I think her little head is carved in wood A red, hard wood, eyes shut and mouth wide open. And from the open mouth issue sharp cries Scratching at my sleep like arrows, Scratching at my sleep, and entering my side. My daughter has no teeth. Her mouth is wide. It utters such dark sounds it cannot be good.
FIRST VOICE: What is it that flings these innocent souls at us? Look, they are so exhausted, they are all flat out In their canvas-sided cots, names tied to their wrists, The little silver trophies they’ve come so far for. There are some with thick black hair, there are some bald. Their skin tints are pink or sallow, brown or red; They are beginning to remember their differences.
I think they are made of water ; they have no expression. Their features are sleeping, like light on quiet water. They are the real monks and nuns in their identical garments. I see them showering like stars on to the world-
On India, Africa, America, these miraculous ones, These pure, small images. They smell of milk. Their footsoles are untouched. They are walkers of air.
Can nothingness be so prodigal? Here is my son. His wide eye is that general, flat blue. He is turning to me like a little, blind, bright plant. One cry. It is the hook I hang on. And I am a river of milk. I am a warm hill.
SECOND VOICE: I am not ugly. I am even beautiful. The mirror gives back a woman without deformity. The nurses give back my clothes, and an identity. It is usual, they say, for such a thing to happen. It is usual in my life, and the lives of others. I am one in five, something like that. l am not hopeless. I am beautiful as a statistic. Here is my lipstick.
I draw on the old mouth. The red mouth I put by with my identity A day ago, two days, three days ago. It was a Friday. I do not even need a holiday ; I can go to work today. I can love my husband, who will understand. Who will love me through the blur of my deformity As if I had lost an eye, a leg, a tongue.
And so I stand, a little sightless. So I walk Away on wheels, instead of legs, they serve as well.
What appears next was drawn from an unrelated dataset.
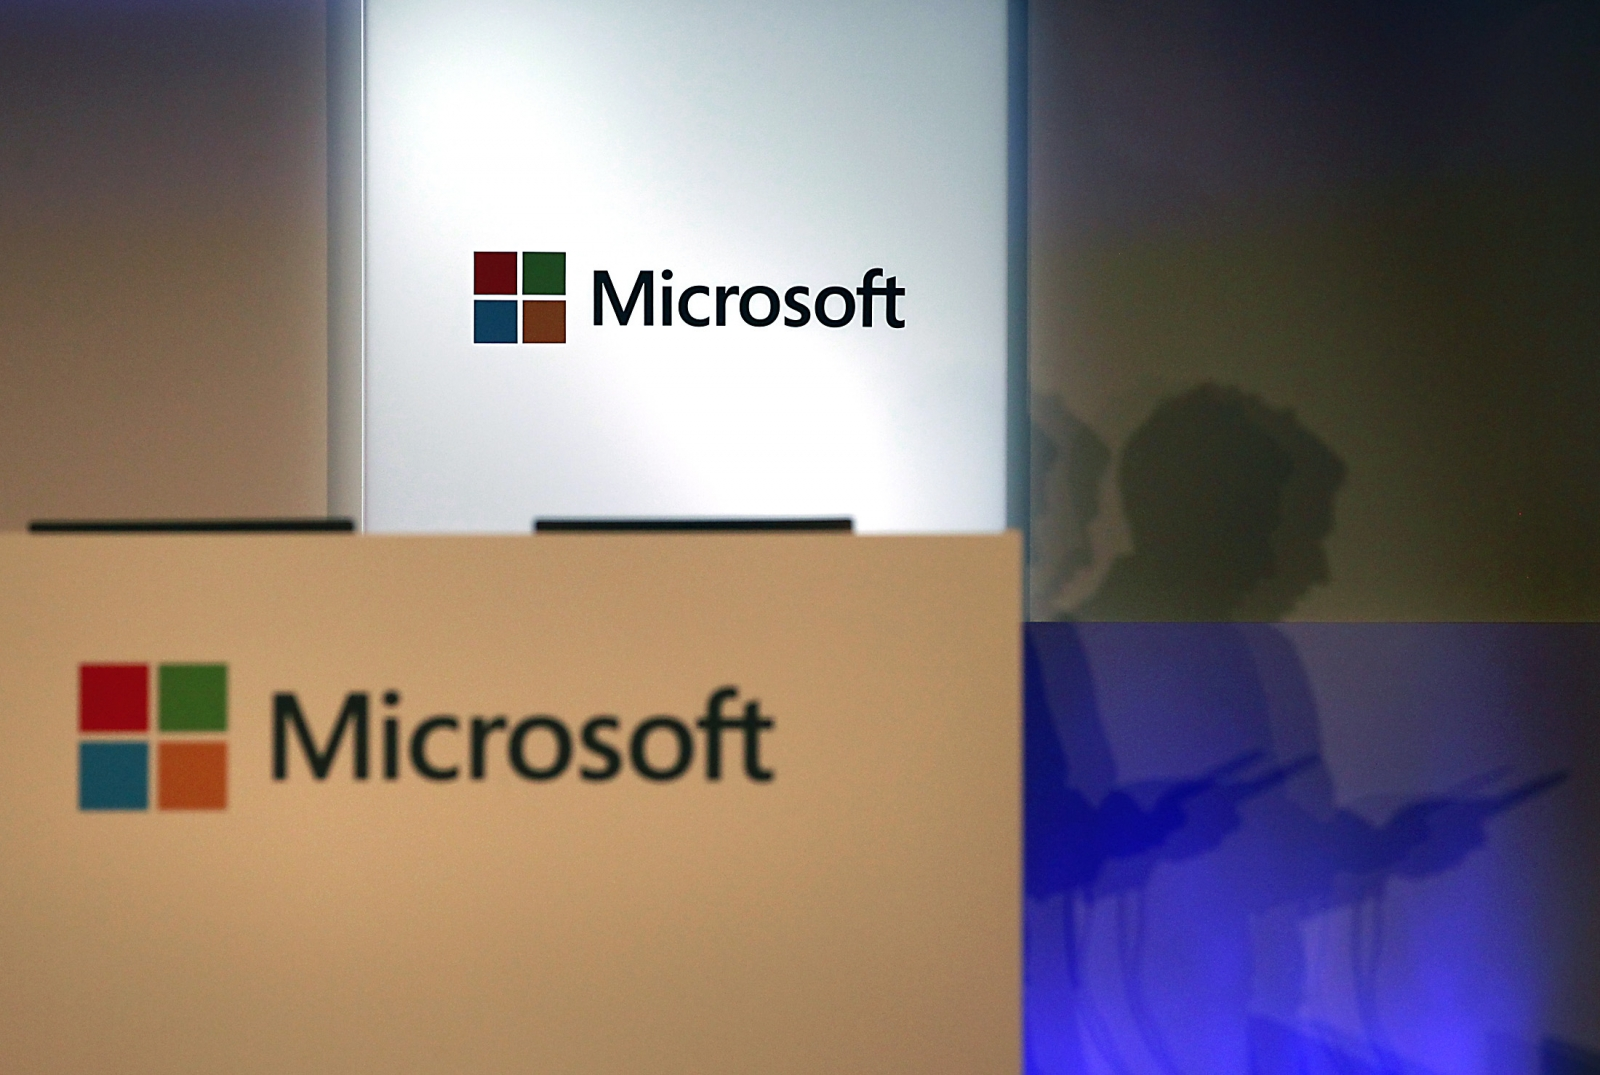 Windows 9 Livestream: Where to Watch

And I learn to speak with fingers, not a tongue. The body is resourceful. The body of a starfish can grow back its arms And newts are prodigal in legs. And may I be As prodigal in what lacks me.
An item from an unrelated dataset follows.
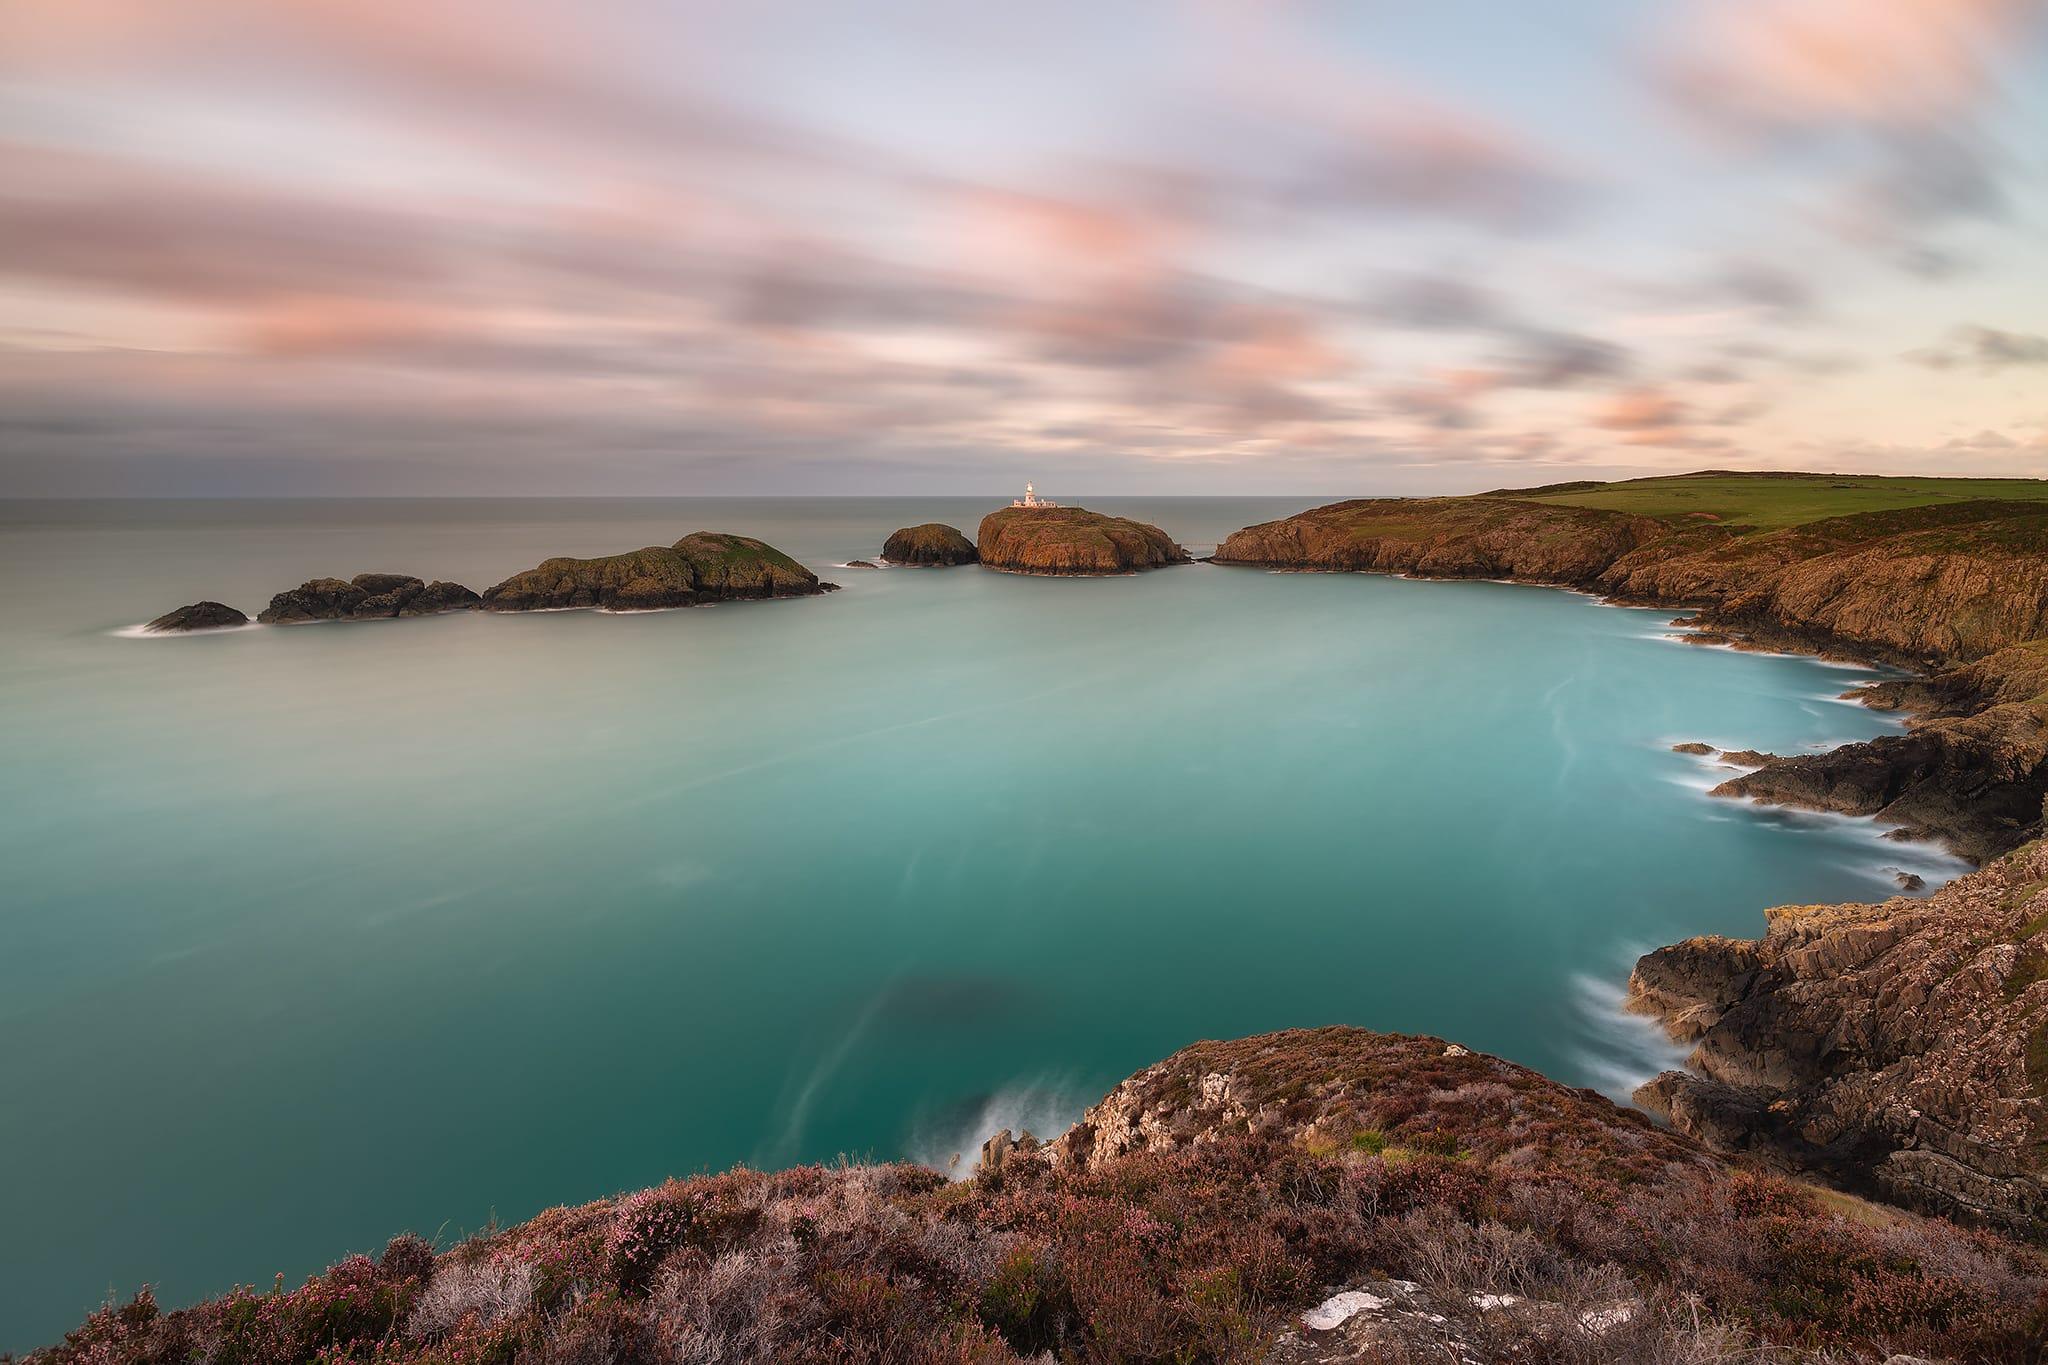 Francesco Gola Seascape Photography Long Exposure UK Wales Strumble Head Lighthouse

THIRD VOICE: She is a small island, asleep and peaceful, And I am a white ship hooting: Goodbye, goodbye. The day is blazing. It is very mournful. The flowers in this room are red and tropical. They have lived behind glass all their lives, they have been cared for tenderly. Now they face a winter of white sheets, white faces. There is very little to go into my suitcase.
There are the clothes of a fat woman I do not know. There is my comb and brush. There is an emptiness. I am so vulnerable suddenly. I am a wound walking out of hospital. I am a wound that they are letting go. I leave my health behind. I leave someone Who would adhere to me: I undo her fingers like bandages: I go.
SECOND VOICE: I am myself again. There are no loose ends. I am bled white as wax, I have no attachments. I am flat and virginal, which means nothing has happened, Nothing that cannot be erased, ripped up and scrapped, begun again. These little black twigs do not think to bud, Nor do these dry, dry gutters dream of rain. This woman who meets me in windows-she is neat.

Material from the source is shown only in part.